И «Выжигин» интерпретируется уже не как «панорама» всех социальных слоёв, а только как изображение «среднего сословия». И в качестве особой заслуги ему зачитывается, что читают эту книгу как раз «средний и низший класс». Следовательно, даже самый ревностный панегирист Булгарина тем временем оценивает «Ивана Выжигина» куда более критично, чем всего два года назад. Но тон его выступлений против Орлова и критиков резок и личностен до заключительной фразы о том, что Булгарин, собственно, вовсе не нуждается в защите, так как «у него в одном мизинце более ума и таланта, нежели во многих головах его рецензентов»[974].
Ответ в «Телескопе», написанный Пушкиным и подписанный псевдонимом Косичкин, был не менее острым и личностным, даже если Пушкин и прибегал преимущественно к пародии и иронии.

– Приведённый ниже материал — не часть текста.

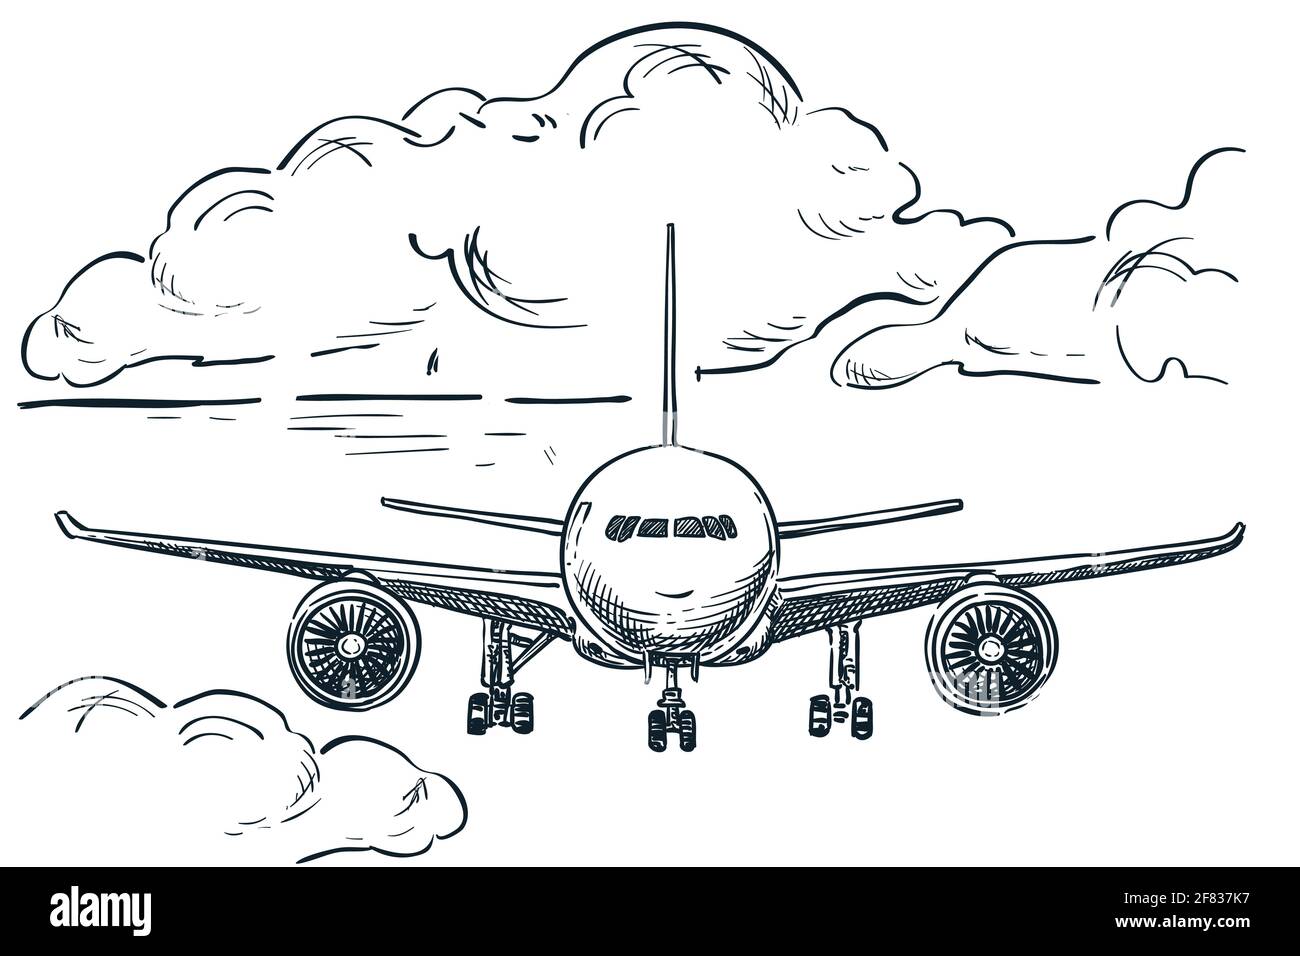 Plane flies in sky, hand drawn vector sketch illustration. Air flight drawing background. Tourism, travel and vacation isolated design elements Stock Vector

Уже название «Торжество дружбы или Оправданный Александр Анфимович Орлов» представляет собой иронически-пародирующий намёк на повторные взаимные «дружеские услуги» и «оправдания» Греча и Булгарина. Пушкин воздаёт этой дружбе двух журналистов, как и большим заслугам Булгарина, безмерную хвалу. «Опровержения» Гречем ошибок в деталях перечислены и подвергнуты осмеянию, с другой стороны, сетования Греча на то, что объект нападок «ничего не сделал» своему ненавистному критику, манера критики выражаться позорно безвкусная, будучи обращённой против нападок Греча на Орлова, «друга» Пушкина-Косичкина. В конце концов продано уже 5 тыс. экземпляров этих «глупых ничего не стоящих книг», и у простых читателей (которые только и читают «Выжигина») они по меньшей мере точно так же популярны, как «Выжигин» самого Булгарина. Будь он длиннее, приглаженнее и «более философским», истории Орлова оказались бы живее, интереснее, поэтичнее. Конечно, Булгарин «гений», а именно в изображении имён со значением, но ещё большему, чем у Орлова, успеху «Выжигина» он обязан единственно хвале авансом, которую воздали его друзья и собственные журналы. У Орлова таких не было. Если Греч пренебрежительно полагал, что, как слышно из Москвы, издатели платили за рукопись Орлова только 20 рублей, то существенно порядочнее самому прикарманить 20 рублей и обеспечить другому прибыль в 2000, нежели получить 30000 рублей и за это ввергнуть издателя в просто отчаянную ситуацию, о чём можно услышать из Петербурга. И точно так же лично резка (с прямым намёком на биографию Булгарина) защита Пушкиным Москвы, над которой насмехается Греч: петербуржцу не следовало бы оскорблять этот подлинно русский город, который уже «пострадал 1612 году от поляков, а в 1812 году от всякого сброду»[975].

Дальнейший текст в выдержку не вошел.